-- Information shown follows --

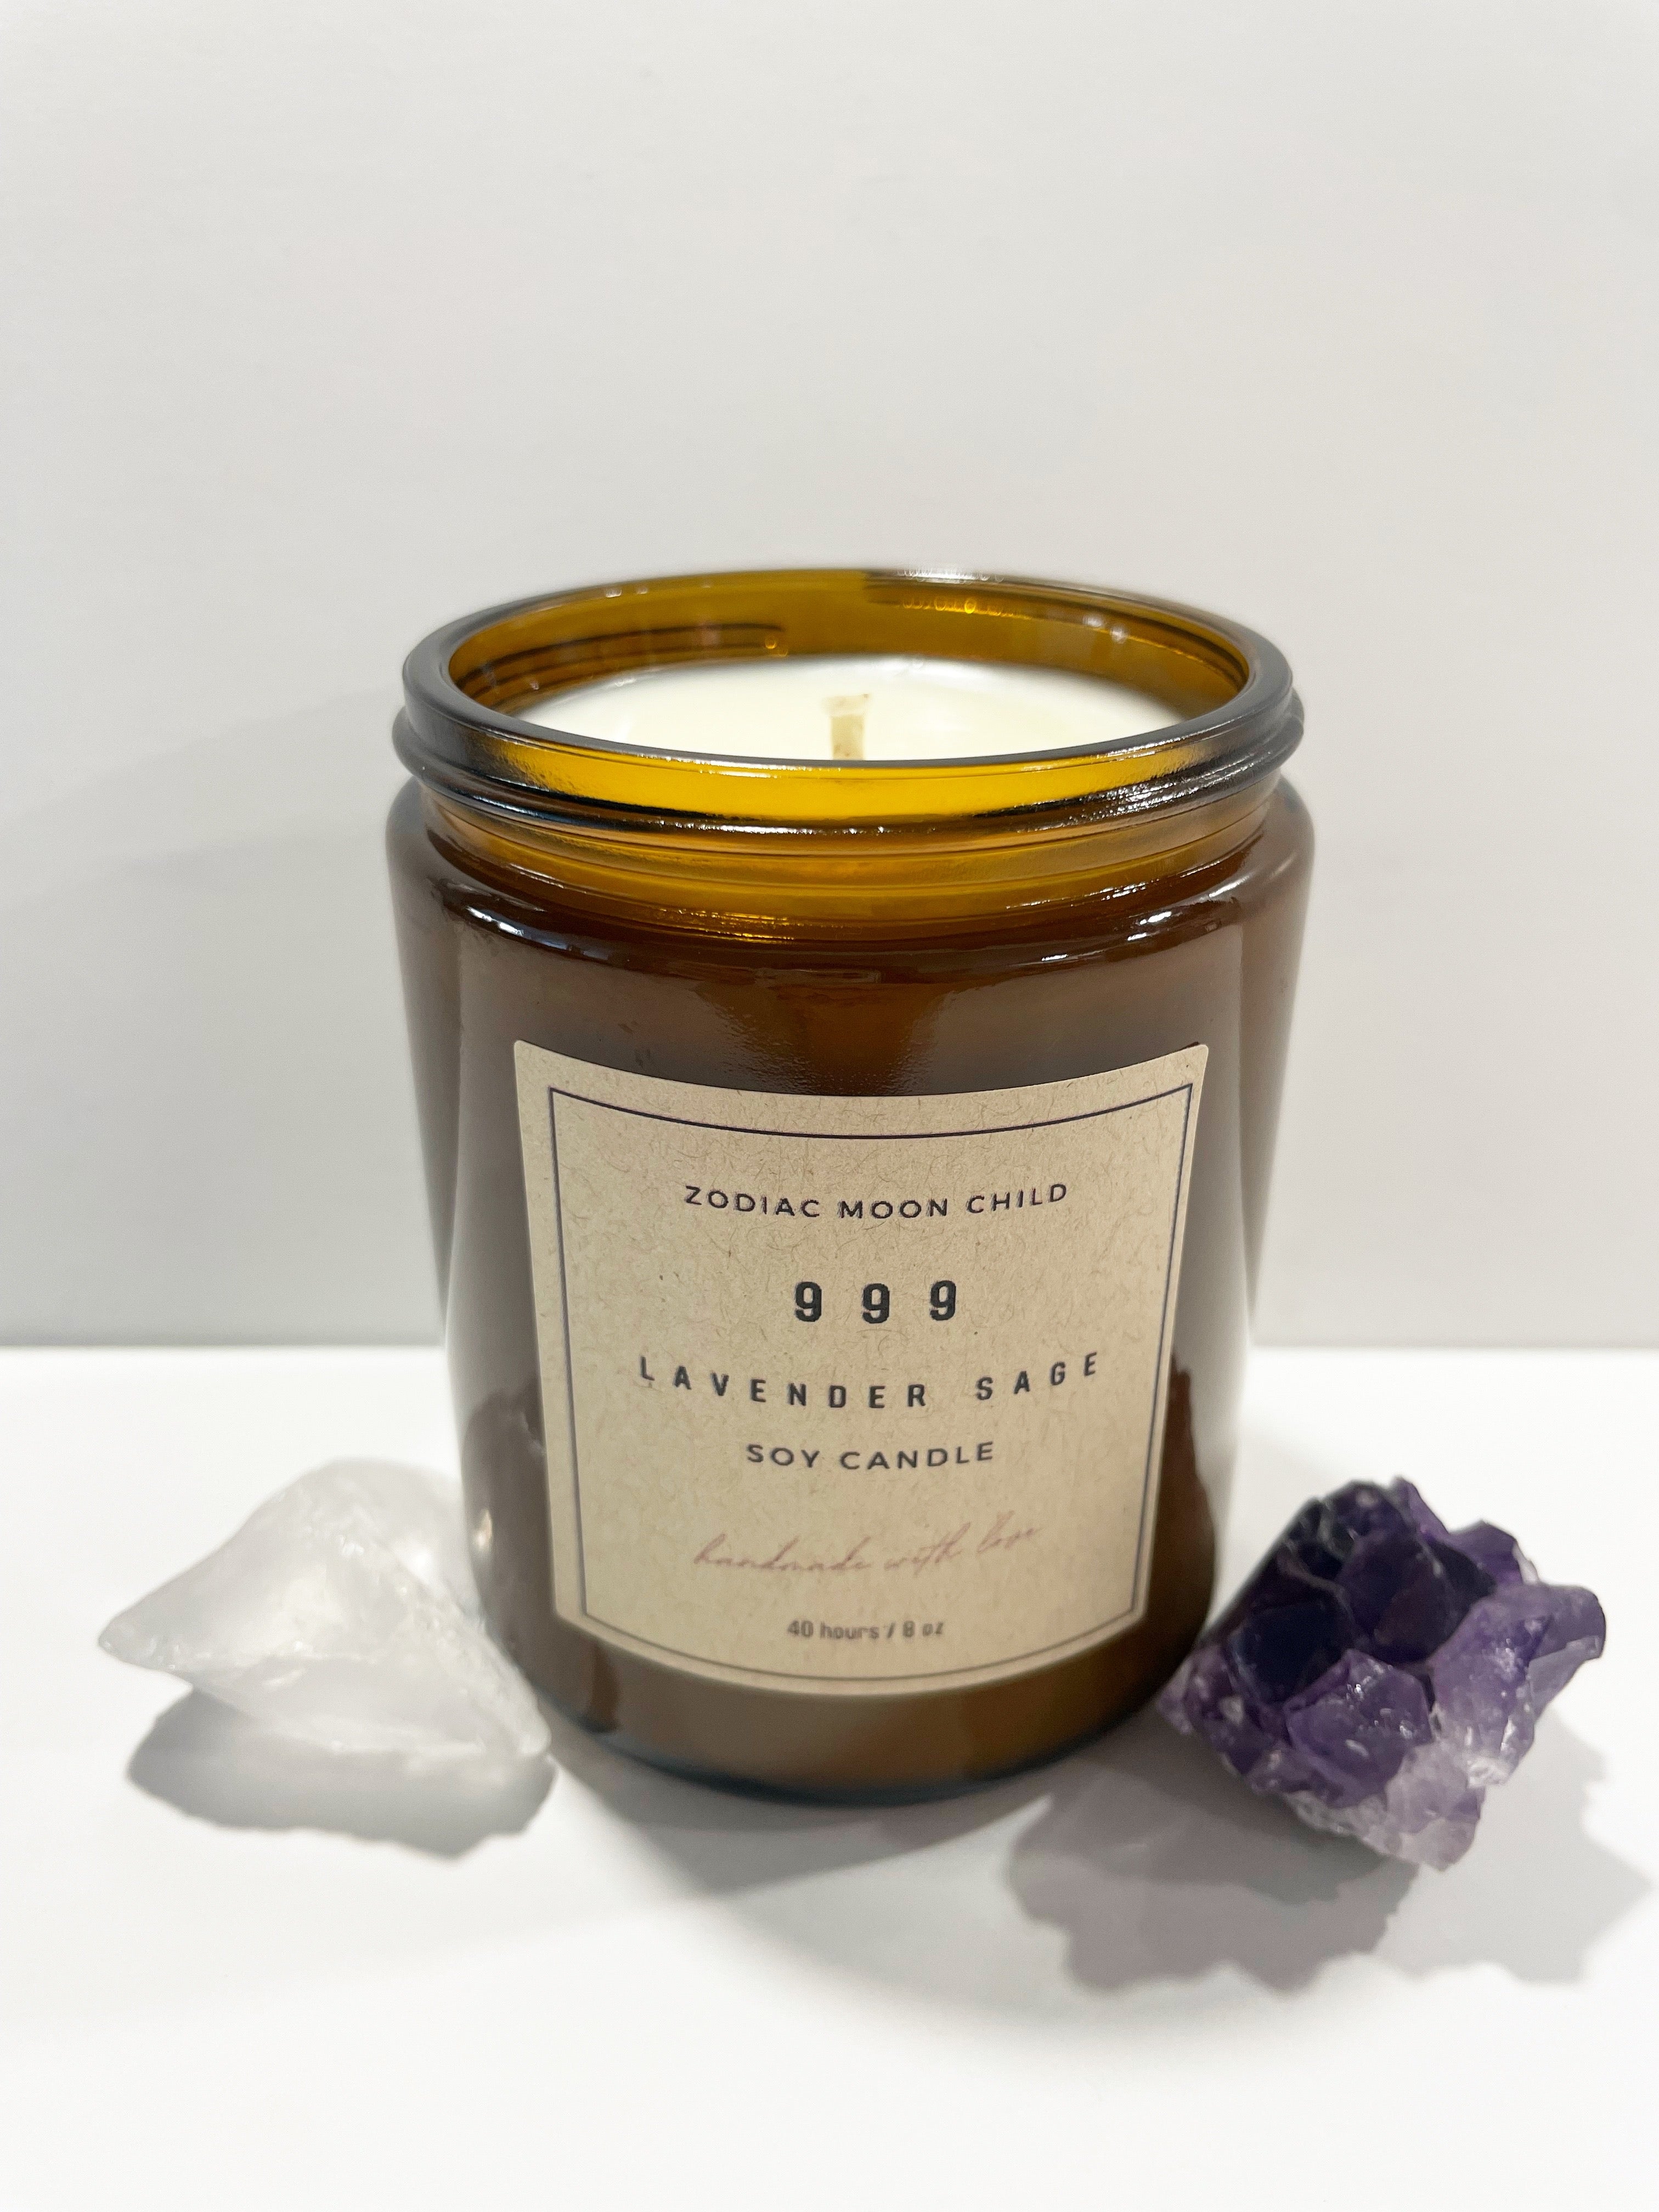 Angel Number 999 - Tranquil Amber Spiritual Soy Candle: Enhance Positivity & Elevate Your Sacred Zen Space with 100% Natural Soy Wax, Energy
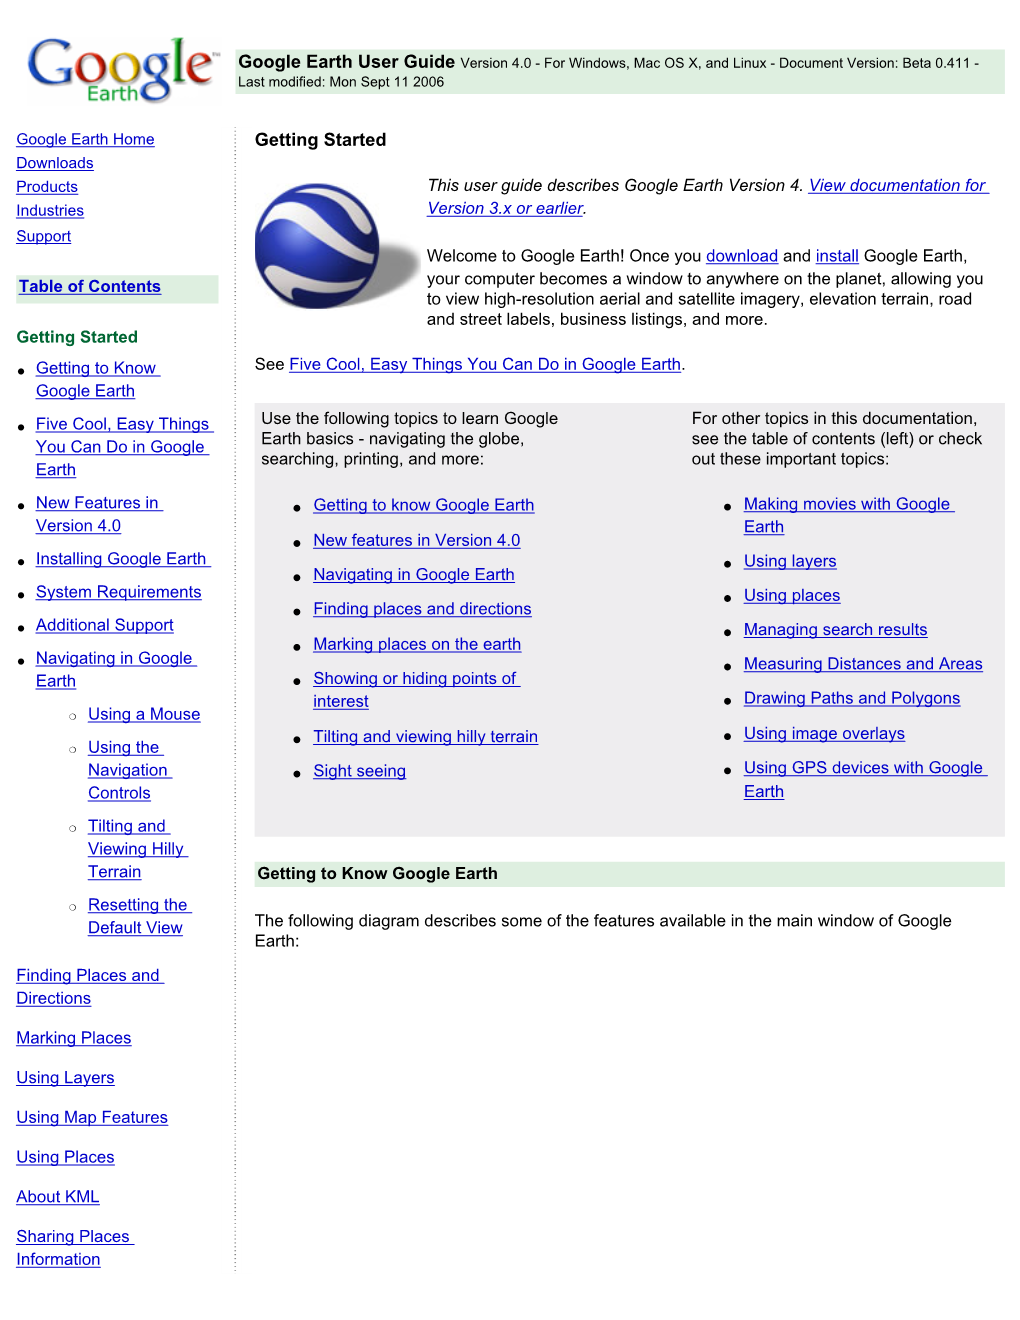 Google Earth User Guide Version 4.0 - for Windows, Mac OS X, and Linux - Document Version: Beta 0.411 - Last Modified: Mon Sept 11 2006
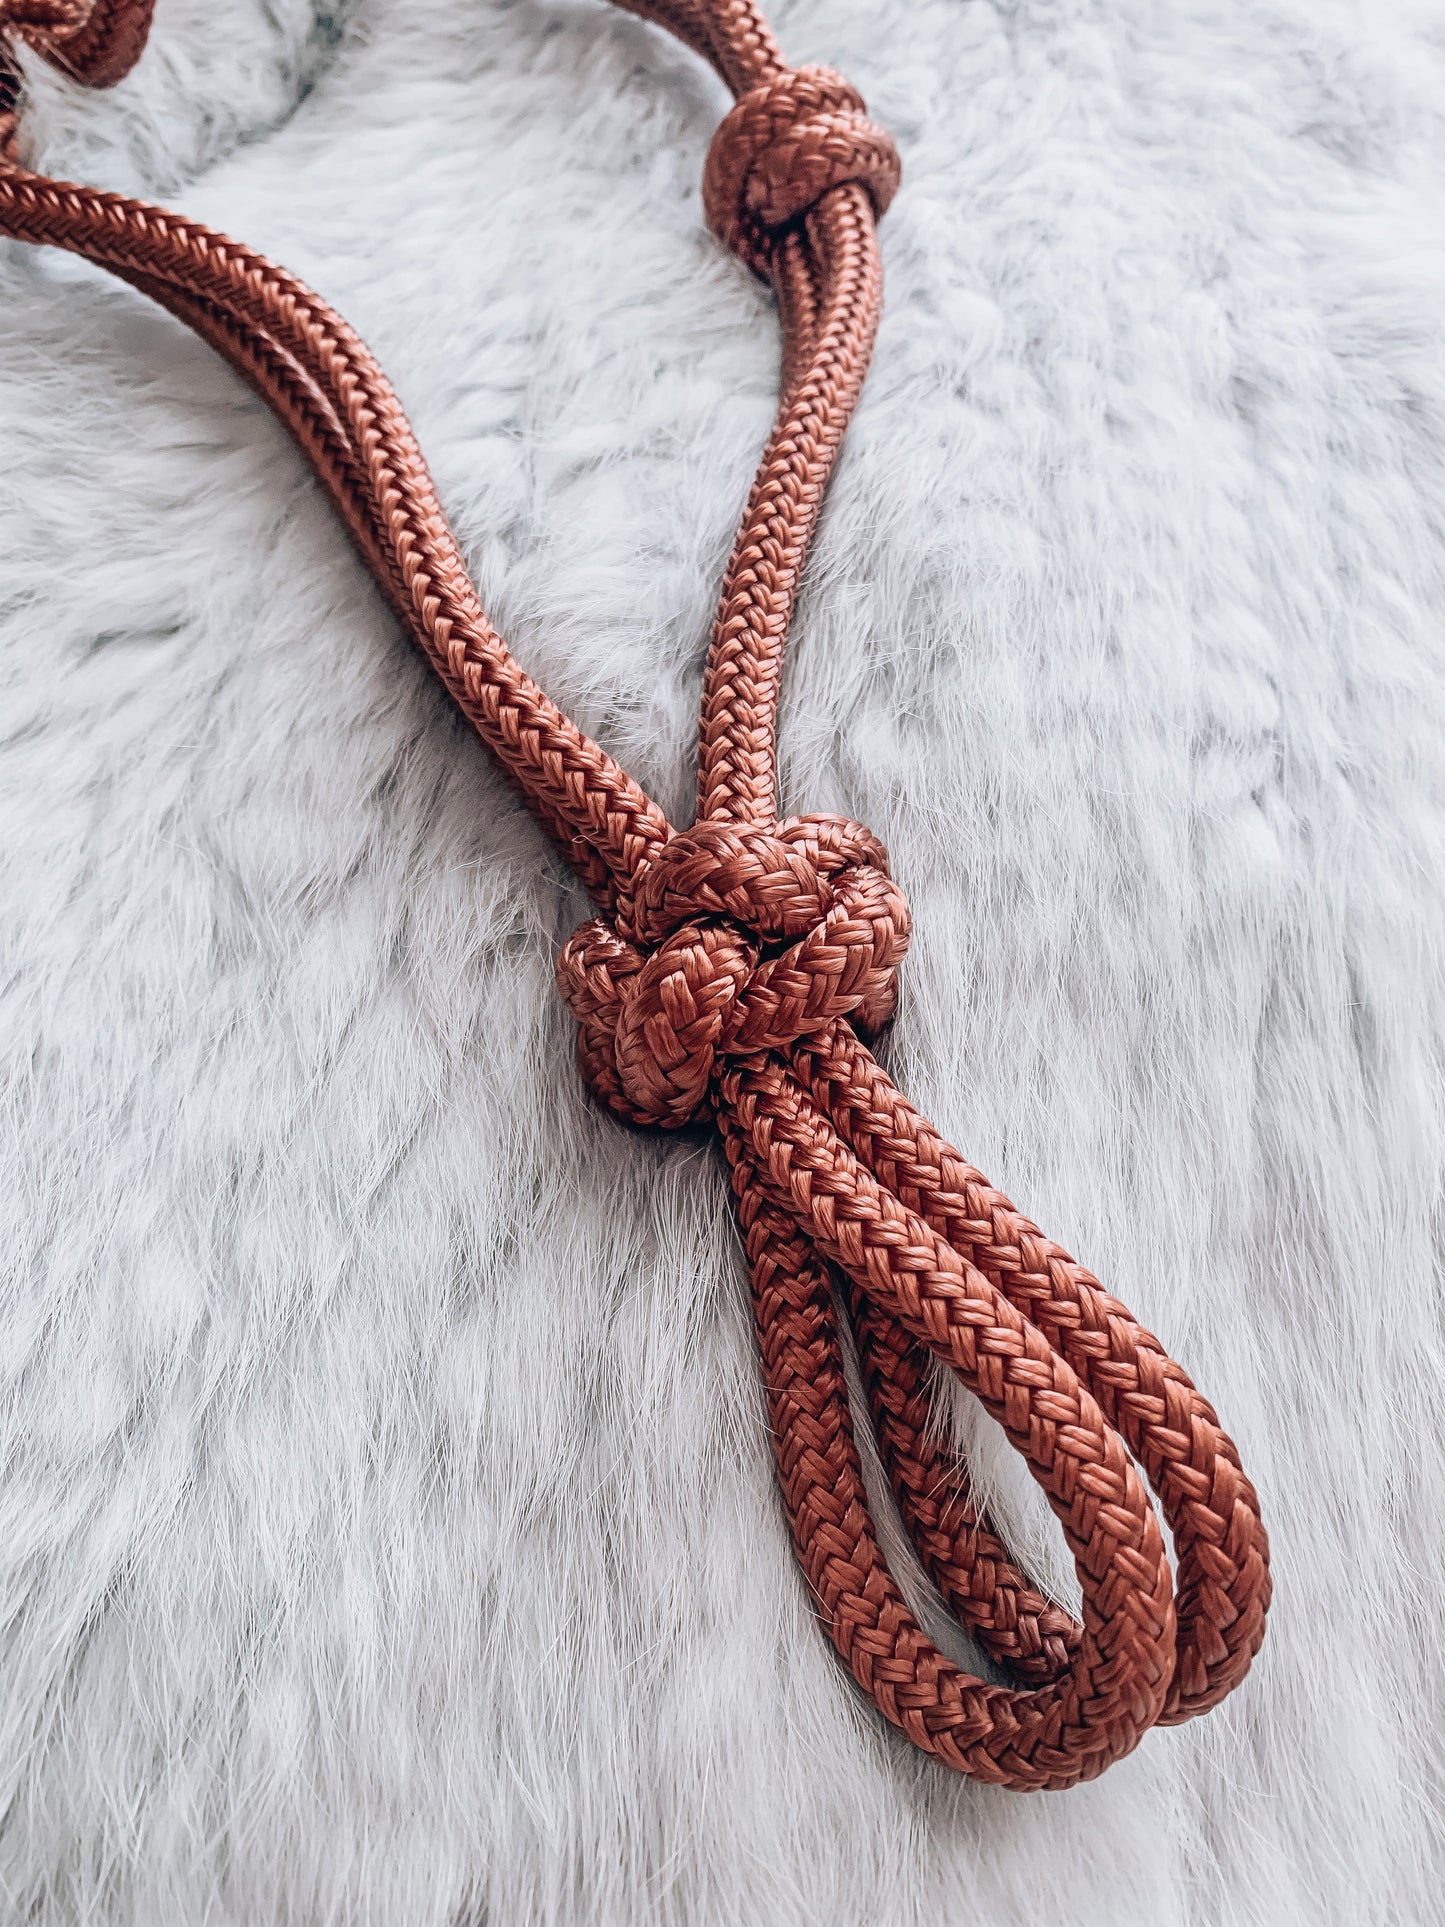 Overlay Halter - "ROSE GOLD X COCONUT ROUGH"

-- Information shown concluded --

Task goal — Any picture in the listing above gets left out; output the rest exactly.

Response to this task —
 Angel Number 999 - Tranquil Amber Spiritual Soy Candle: Enhance Positivity & Elevate Your Sacred Zen Space with 100% Natural Soy Wax, Energy
 Google Earth User Guide Version 4.0 - for Windows, Mac OS X, and Linux - Document Version: Beta 0.411 - Last Modified: Mon Sept 11 2006
 Overlay Halter - "ROSE GOLD X COCONUT ROUGH"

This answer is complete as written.